Task details: Leaving the pictures aside, repeat every line below exactly.

Source material:
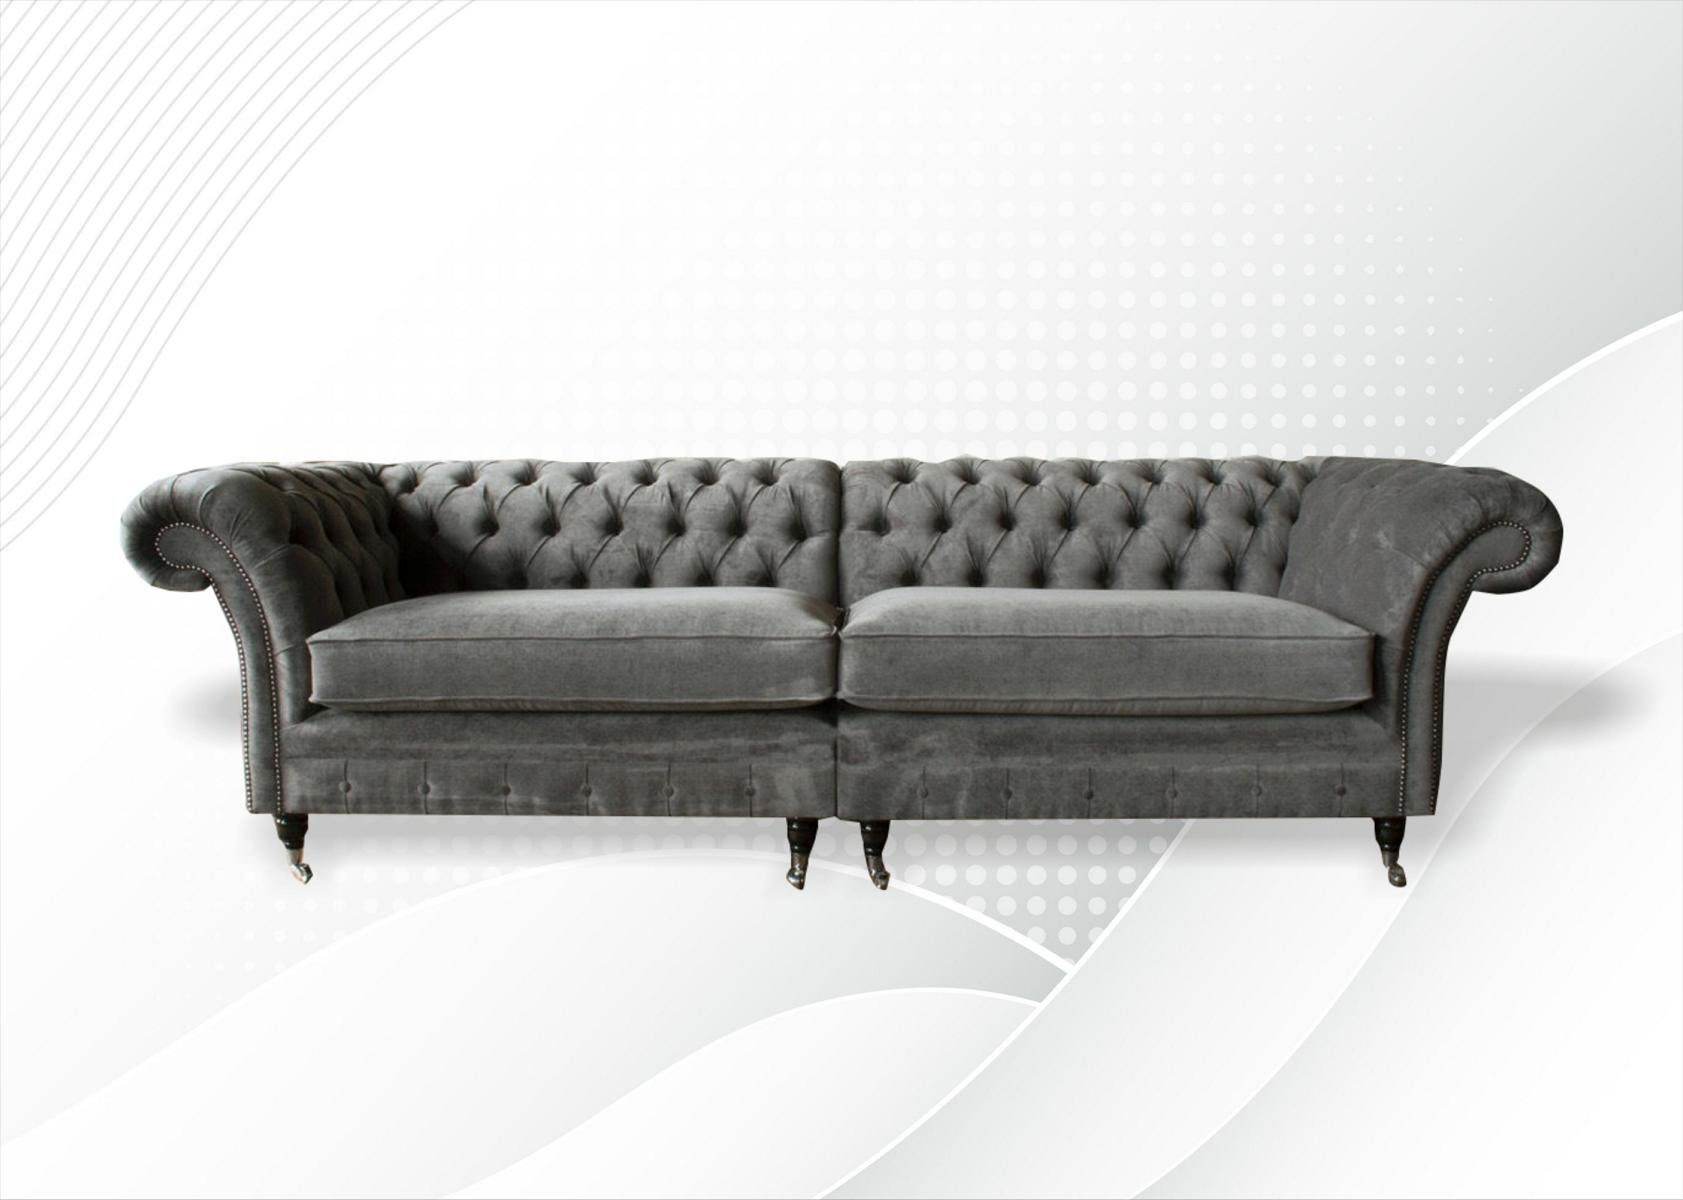 4 JVmoebel Made Sofa Chesterfield Garnitur in Europe Couch xxl Sitz Sofa Sitzer Polster Graue,
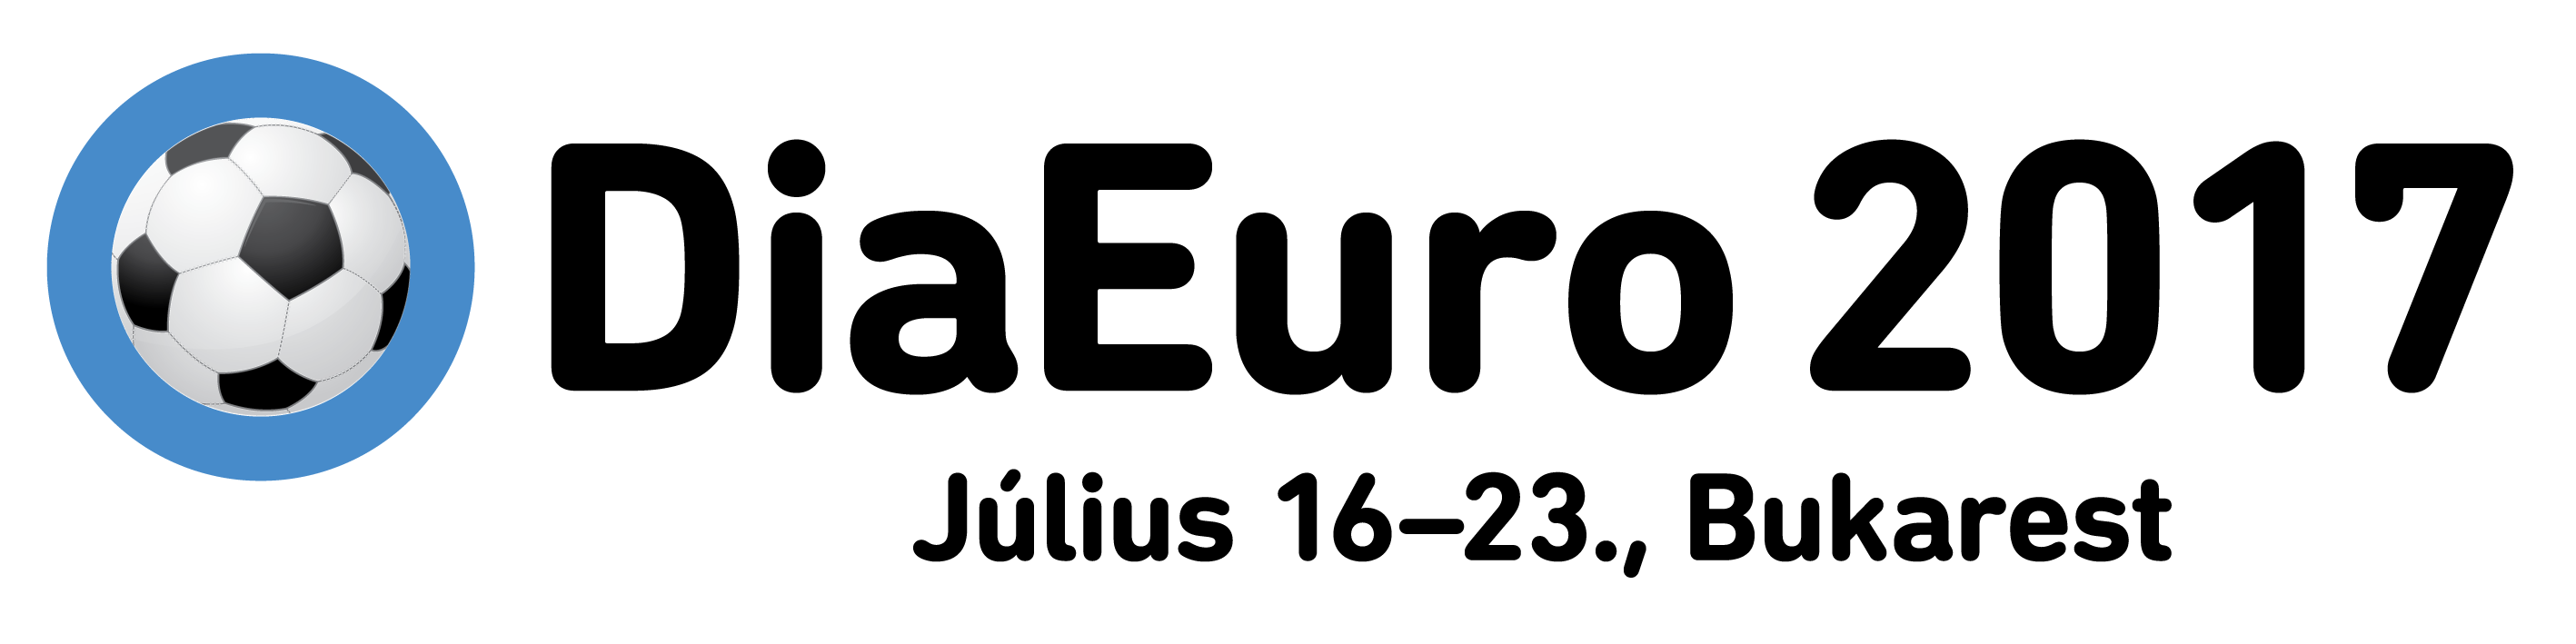 logo-diaeuro2017-datummal
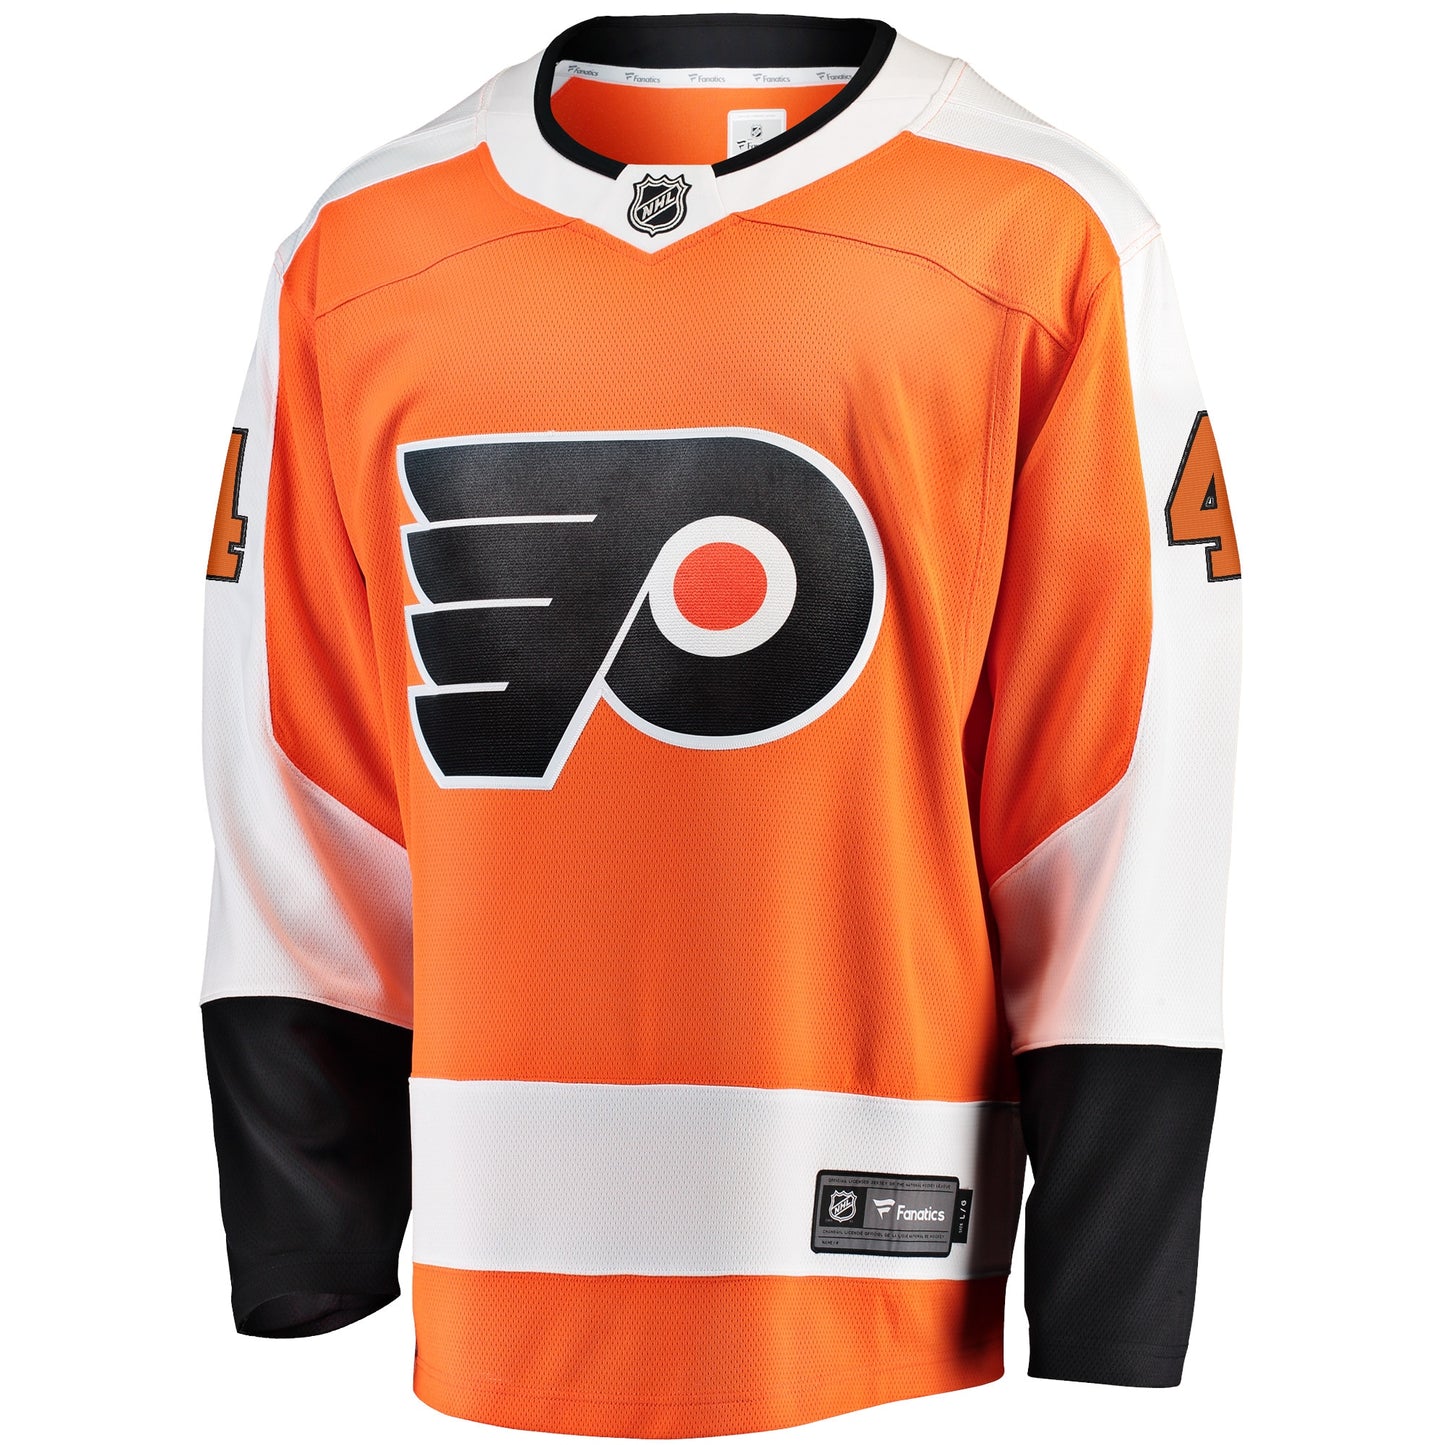 Nicolas Deslauriers Philadelphia Flyers Fanatics Branded Home Breakaway Player Jersey - Orange
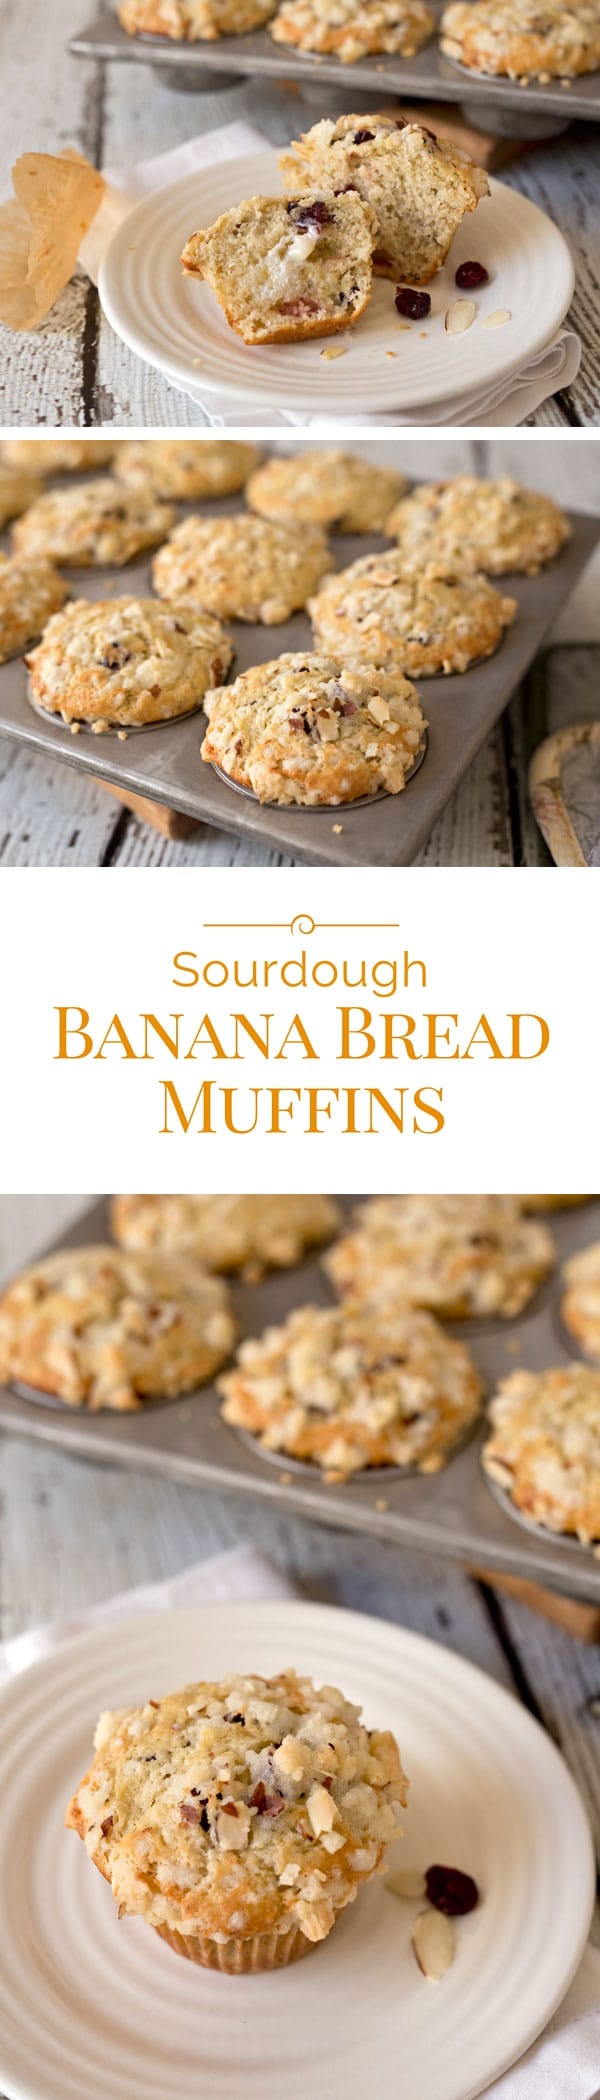 Sourdough-Banana-Bread-Muffins-Collage-Barbara-Bakes

Response to the task:
 4 JVmoebel Made Sofa Chesterfield Garnitur in Europe Couch xxl Sitz Sofa Sitzer Polster Graue,
 logo-diaeuro2017-datummal
 Nicolas Deslauriers Philadelphia Flyers Fanatics Branded Home Breakaway Player Jersey - Orange
 Sourdough-Banana-Bread-Muffins-Collage-Barbara-Bakes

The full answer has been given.